Reporting of suspected adverse reactions
Reporting suspected adverse reactions after a medicinal product has been authorised is very important. This allows the benefit/risk balance of the medicinal product to be continuously monitored. Healthcare professionals are asked to report any suspected adverse reactions via
Bundesinstitut für Arzneimittel und Medizinprodukte
(Federal Institute of Medicines and Medical Devices)

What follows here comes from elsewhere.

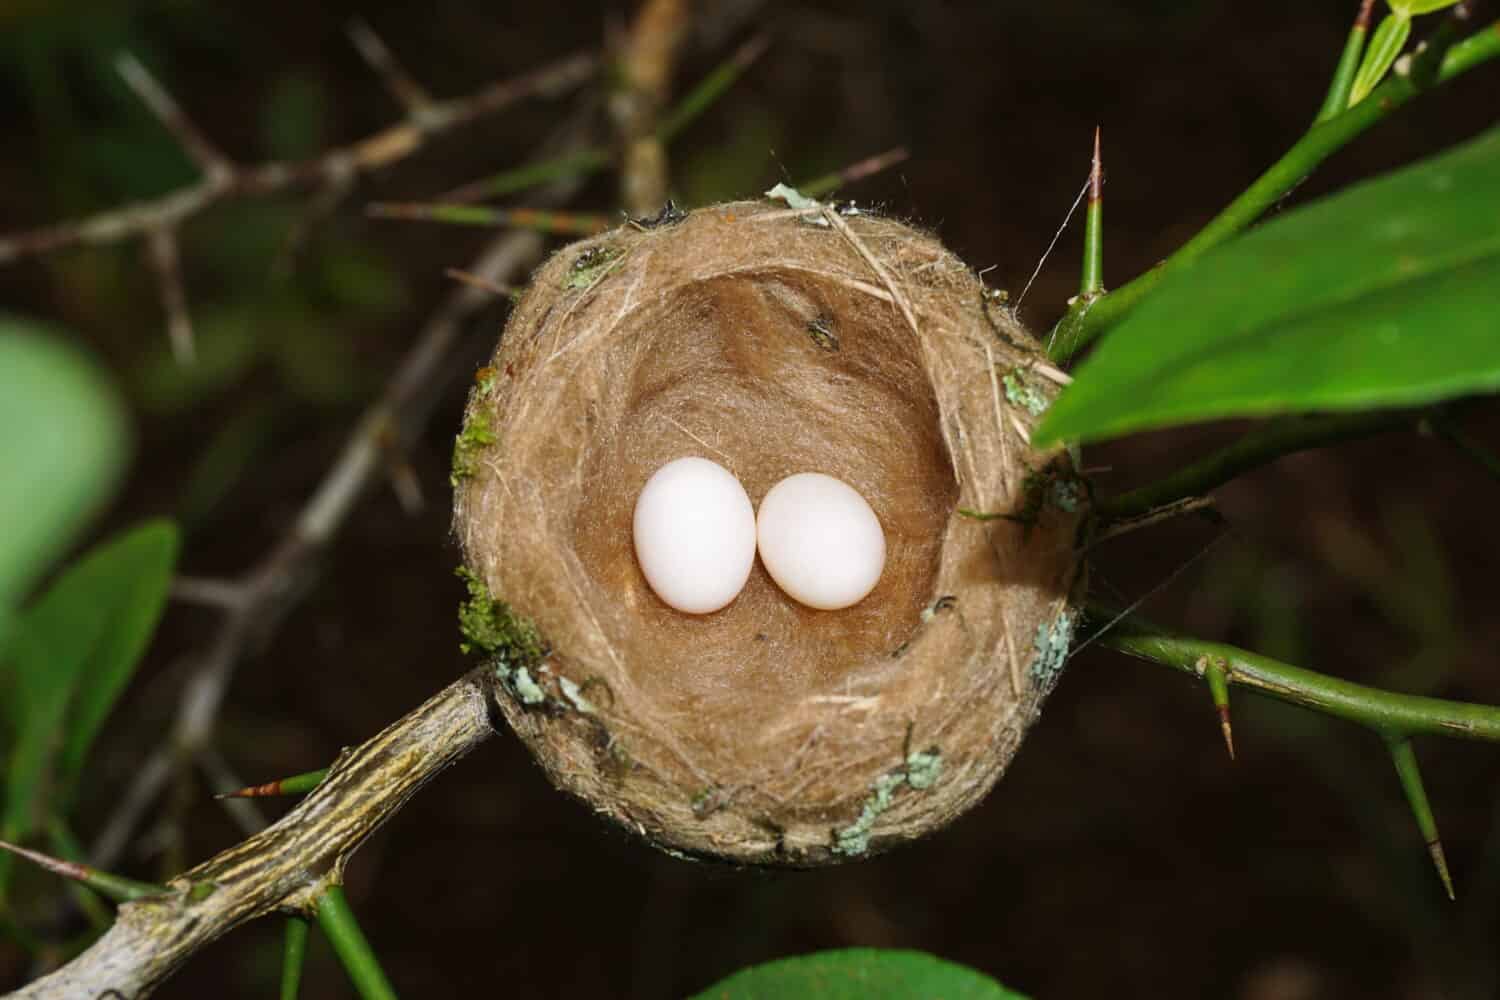 Hummingbird nest with two eggs, Panama, Central America

Pharmacovigilance Department
Kurt-Georg-Kiesinger-Allee 3
53175 Bonn
www.bfarm.de
Expiration date
4 years.
Do not use after the expiration date indicated on the package.
Storage conditions
Does not require any special storage conditions. Keep out of the reach of children.
Packaging
Salofalk, granules. 500 mg:
930 mg granules in Granu-Stix sachets; 50 sachets in a cardboard box.
Vacation category
According to the recipe.
Producer
Dr. Falk Pharma GmbH.
Location of the manufacturer and its business address
Leinenweberstrasse 5, 79108 Freiburg, Germany.